27. gamma(%)_ Growth rate of labor productivity calculated between the
year t and the year t-5.
Appendix: Data Source and Methodology
This appendix presents the data source and a description of the
methodology used to calculate the data set. The aim is to allow its users not
only to reproduce the data but also to make improvements to it. The data source
utilized is, basically, the Penn World Table 6.1 _ PWT 6.1. The PWT 6.1
displays for 168 countries a basic set of national accounts, relative prices,
and demographic data which allows comparisons between countries and over time.
The PWT 6.1 covers the 1950-2000 period for some countries and for
others it starts after 1950 and/or finishes before 2000. For the list of
variables and the exposition of the PWT methodology, see Summers, Heston, Aten
(2001). The PWT 6.1 was downloaded from http://pwt.econ.upenn.edu on
11/22/2003.
The procedures to calculate the variables that compose this data set and
are not obtained directly in the PWT 6.1 are described below.
The variable N represents the number of workers. It is obtained dividing
the variable X by the real GDP per worker, RGDPW, in the PWT 5.v.6.
The variable fertility is the total fertility rate per woman. The
variable birth is the crude birth rate per 1000 population. The variable
mortality is the crude death rate per 1000 population. The source for these
variables are:
United Nations. World Population Prospects: the 1998 Revision. New York:
United Nations, v. 1, 1999.
The variable X ($/year) represents the GDP in 1996 purchasing power
parity (1996 PPP). It is obtained multiplying the variables population and the
real GDP per capital in 1996 PPP (chain index), respectively, pop
(000s) and rgdpch in
PWT 6.1. The result is multiplied
by 1000.
The
variable K ($/year) is our
estimated net fixed standardized capital stock. It is obtained
by the Perpetual Inventory Method (PIM) using the investment series computed
from the variable real investment share (ki) of GDP
presented in the PWT 6.1. There are two major problems in our attempt to
estimate the capital stock that involves strong simplifications. First, the
investment data is not presented by categories of gross fixed capital formation
and it includes the gross residential capital formation as well as change in
stocks. Second, the investment variable is reported for a short period of time.

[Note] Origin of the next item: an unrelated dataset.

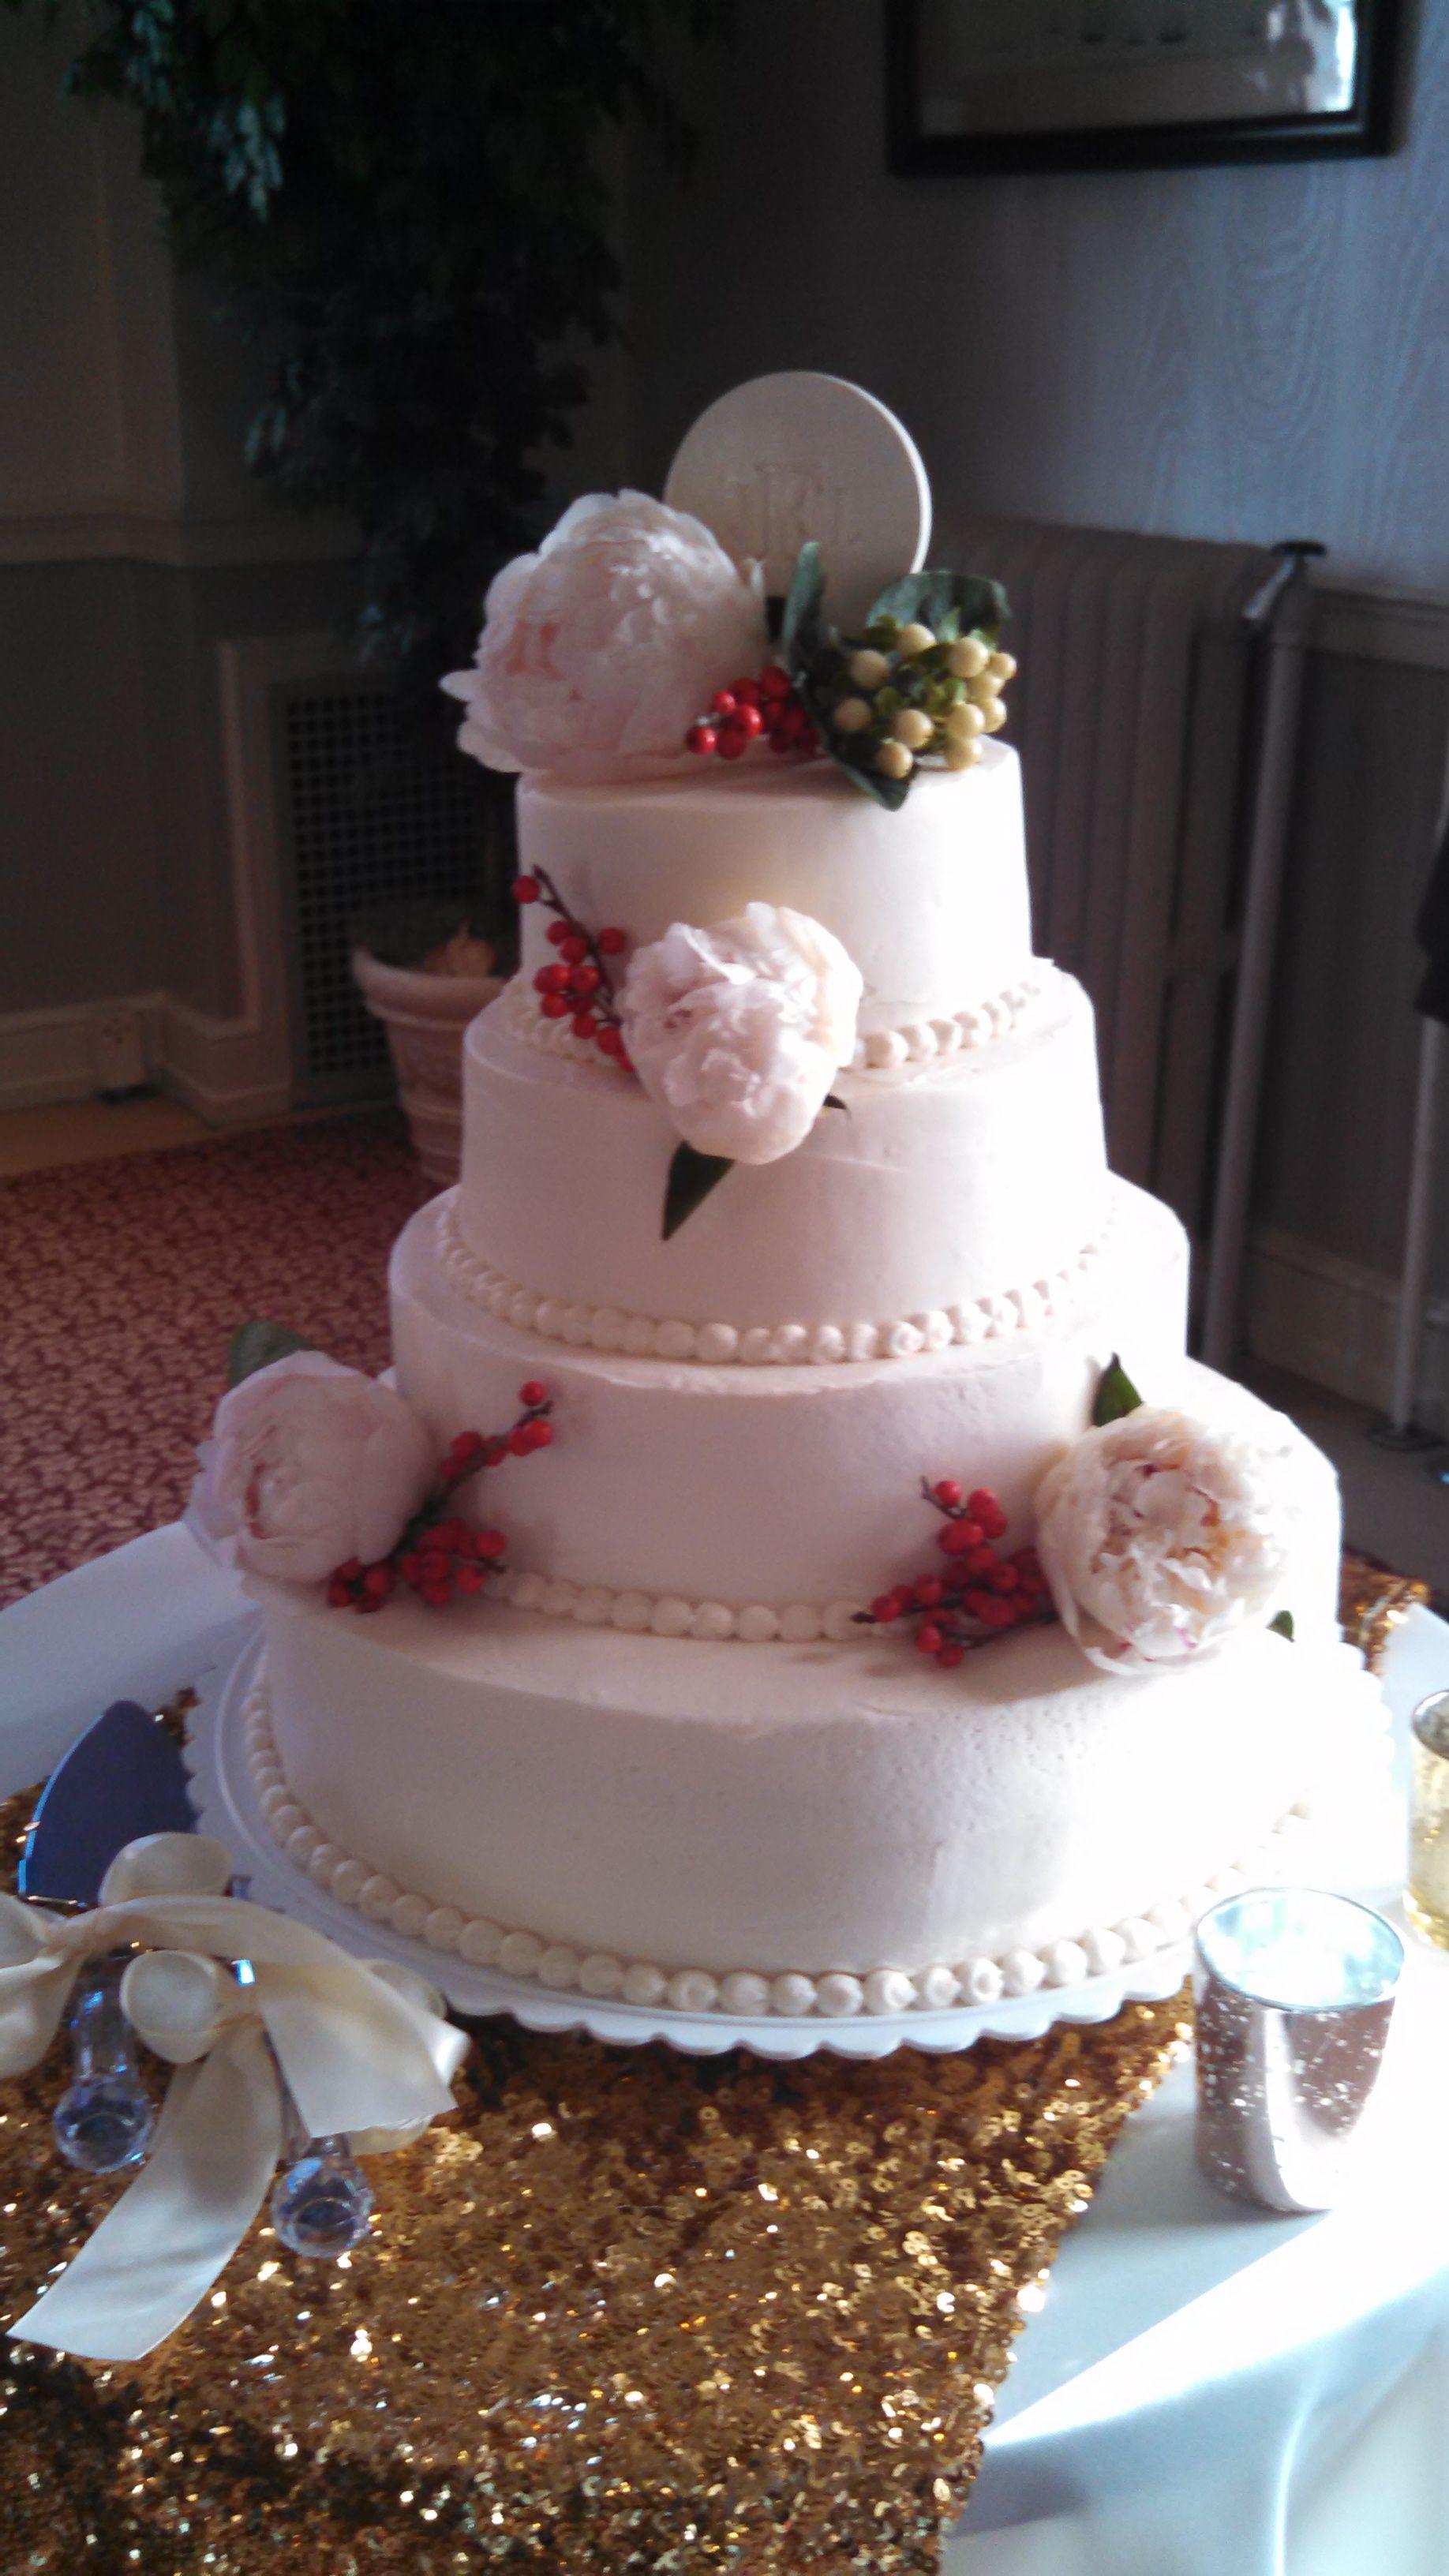 Gf wedding cake wedding cake gluten free cake

The solution for these problems is to consider not only that all categories of
gross capital formation have the same asset life, but also that the asset life
is very short.
The PIM procedure employed follows Charles Hulton and Frank Wycoff
(1981). The depreciation takes a geometric form. Hulton and Wycoff (1981, p.
94) calculated the rate of depreciation (d) with the expression (d= R/T) where
R is the factor that defines the degree of declining balance due to
depreciation, and T is the average asset life. The average value found by
Hulton and Wycoff (1981) for R is 1.65 for equipment categories, and 0.91 for
structure categories. The R employed for us is 1.05. It was calculated
considering that equipment categories represent 20 percent and structure
categories 80 percent of the gross capital formation. The asset life considered
was 14 years, hence the depreciation rate was 7.5 percent. The net capital
stock was computed using the expression
, i = 1, Š, 14, where I is the investment series calculated from the
variables real investment share of GDP, real GDP per capita in constant dollars
(chain index), and population in the PWT 6.1. The first observation for capital
stock is 1963 for countries whose first observation for investment is 1950.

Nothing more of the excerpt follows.